§ Task directions: Without including any images, please transcribe all the lines below exactly.

§ Data section:
══════════════════════════════
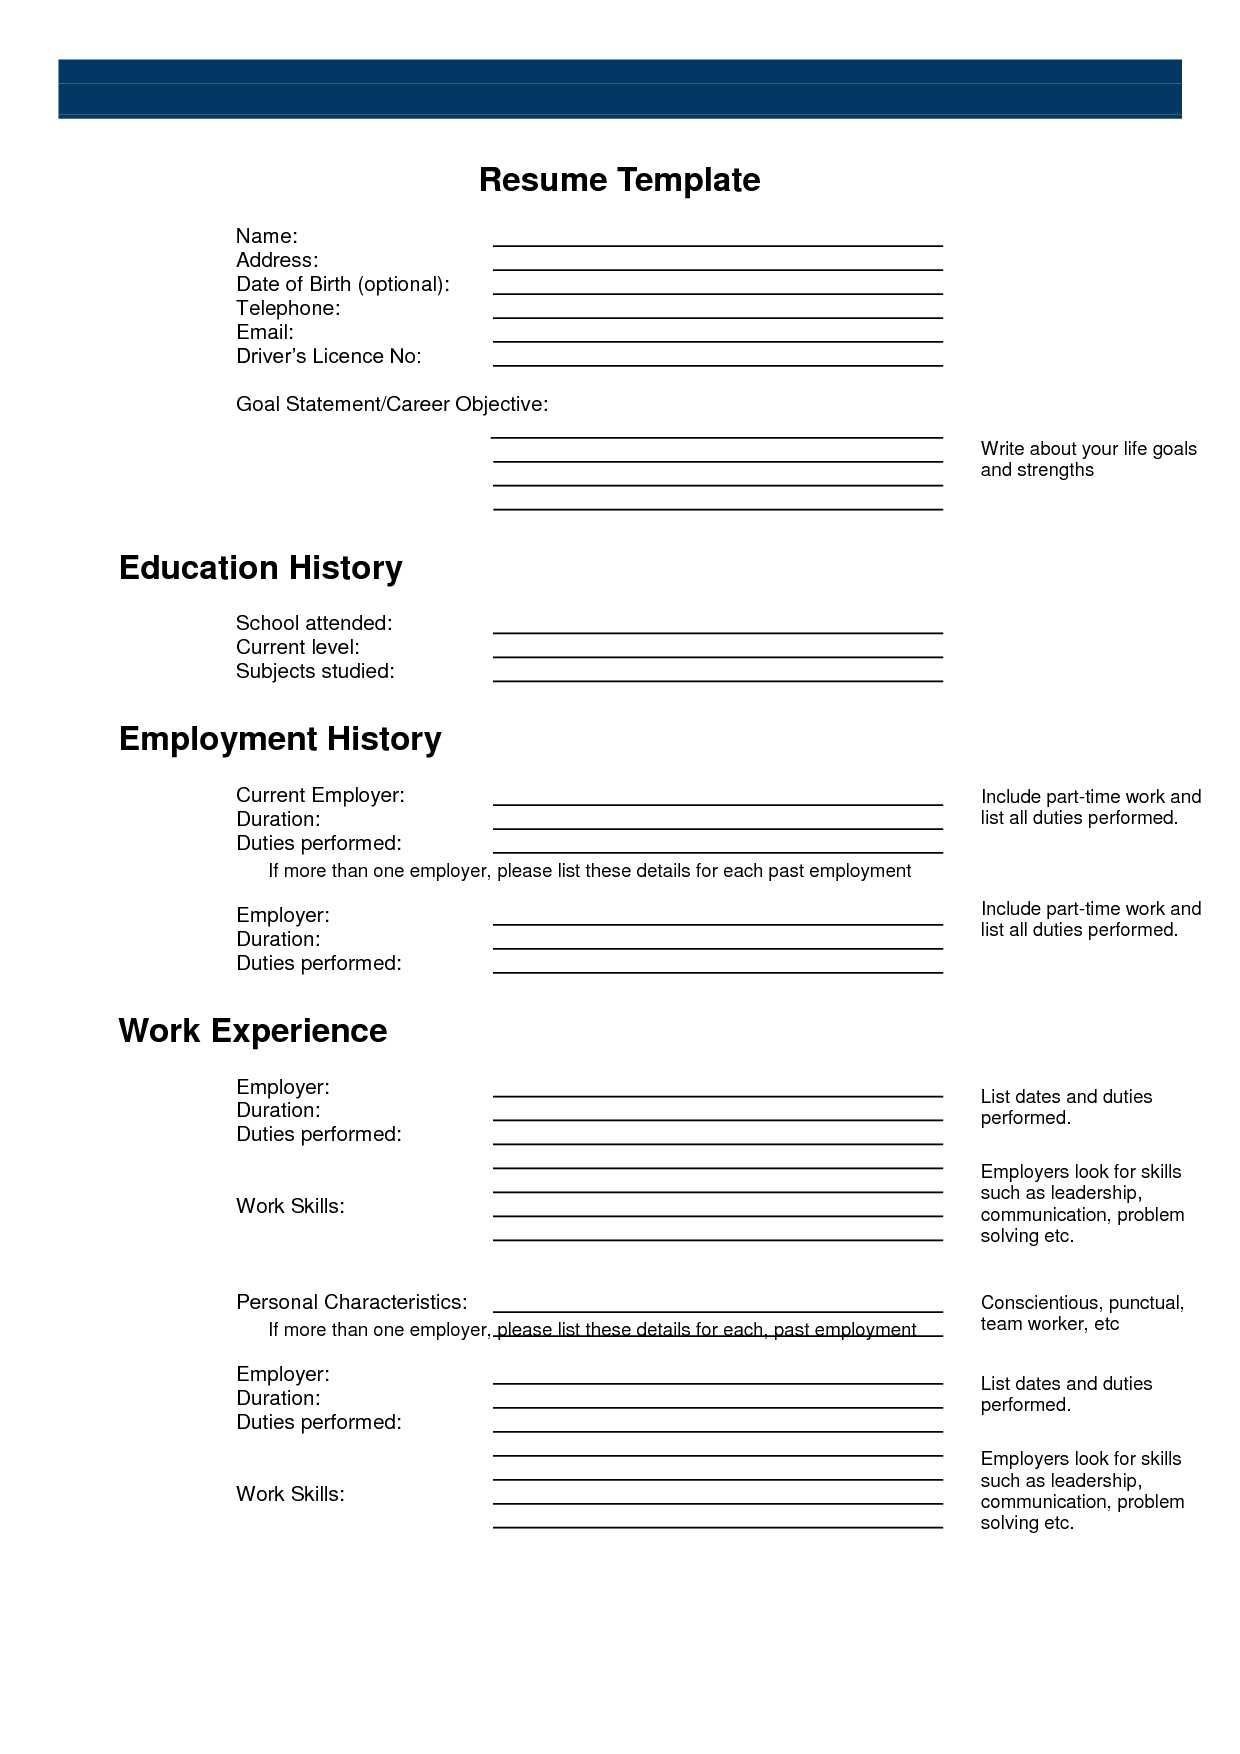 Pinanishfeds On Resumes | Free Printable Resume, Free Printable - Free Online Resume Templates Printable
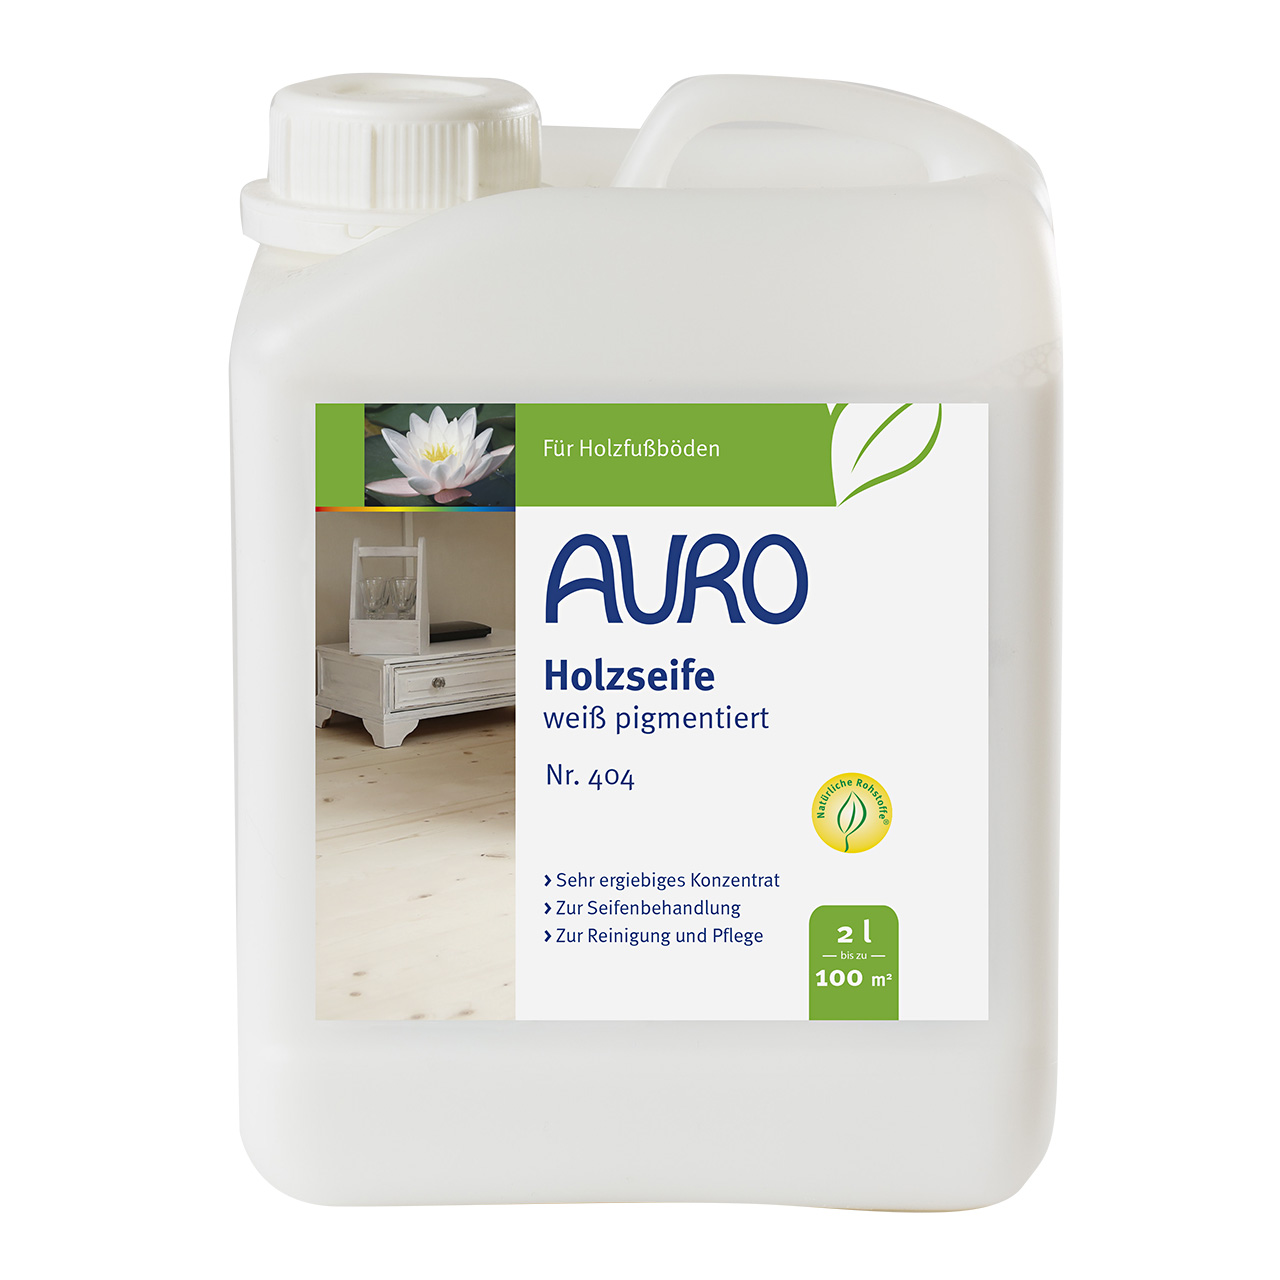 AURO Holzseife-Weiß pigmentiert Nr. 404 - 2 L
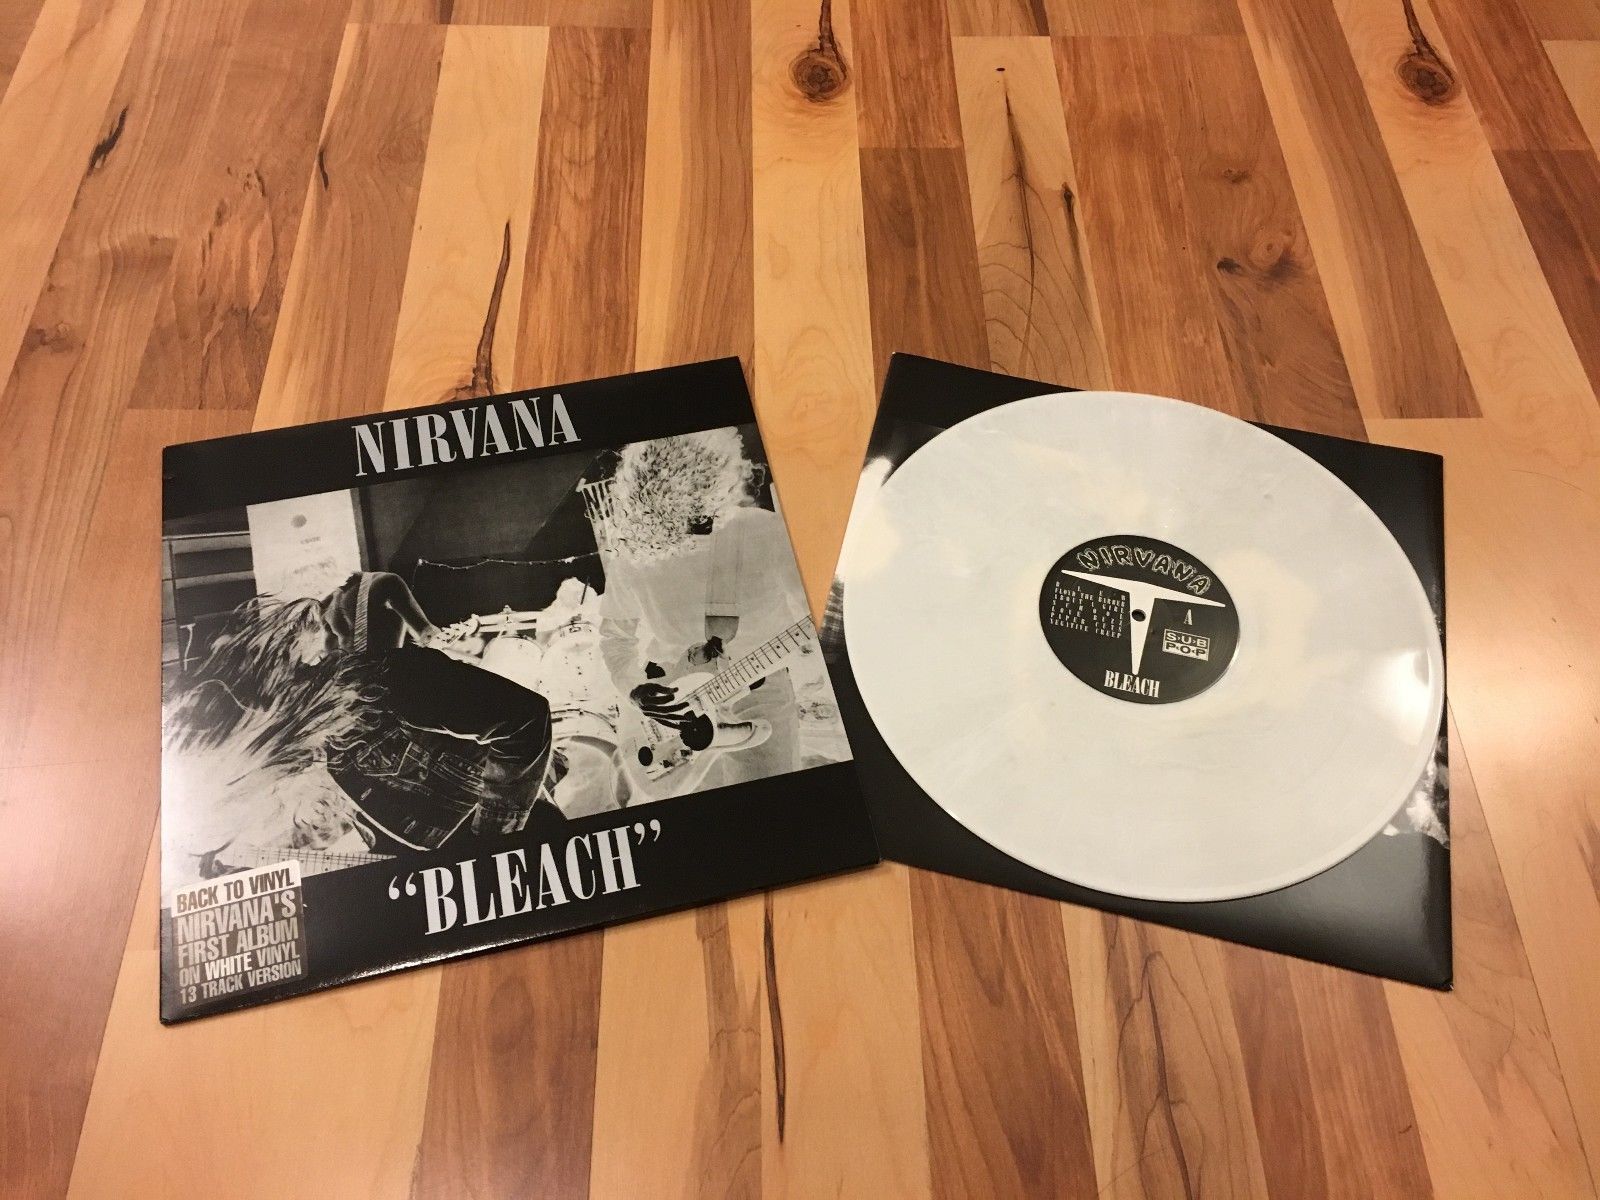 popsike.com - Nirvana Bleach White Vinyl LP Record UK Pressing 13
══════════════════════════════
§ Solution to the problem:
 Pinanishfeds On Resumes | Free Printable Resume, Free Printable - Free Online Resume Templates Printable
 AURO Holzseife-Weiß pigmentiert Nr. 404 - 2 L
 popsike.com - Nirvana Bleach White Vinyl LP Record UK Pressing 13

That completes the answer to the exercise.